SCIENCE-FOR-THE-PEOPLE February 2007

Subject:

Transcript: Dr. Gallo insults judge in "HIV" court trial

From:

Jim West <[log in to unmask]>

Reply-To:

Science for the People Discussion List <[log in to unmask]>

Date:

Sun, 25 Feb 2007 10:40:49 -0500

Content-Type:

text/plain

Parts/Attachments:

Parts/Attachments

text/plain (120 lines)

[Paul King reports items from trial in Australia regarding validity of "HIV"
theory, where the famous Dr.

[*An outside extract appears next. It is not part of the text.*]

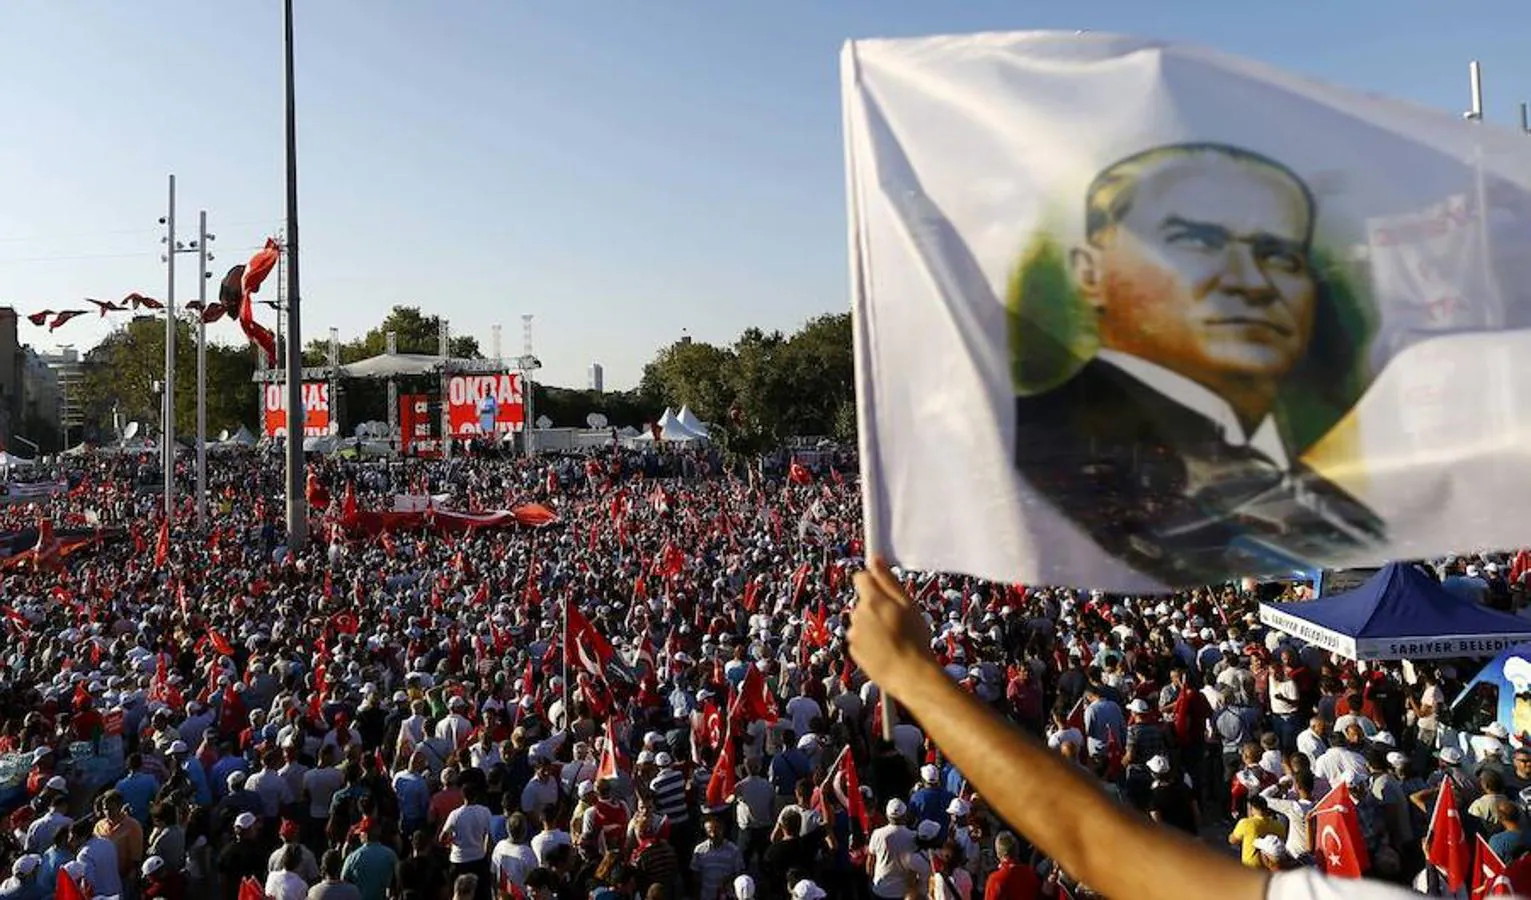 Masiva manifestación en Turquía en favor de los valores democráticos. Los turcos muestran su rechazo al golpe de Estado fallido

Gallo is brought in as a witness to support the
concept of "HIV".]

By Paul King at Fri, 16/02/2007 (via David Crowe,

[...] shortly into cross-examination, Gallo makes the bone-head
decision to insult the judge himself in the following exchange:

BORICK: Again I want to put a suggestion to you that's been made in
this court and that is that in effect the whole argument that HIV
exists rises and falls on the first experiments conducted by
Montagnier.

GALLO: That's silly, of course. You know that; I mean everybody
knows that that's sitting in this courtroom.

HIS HONOR: Not everybody, Dr. Gallo.

GALLO: That's sad commentary. Was it Your Honor who made it?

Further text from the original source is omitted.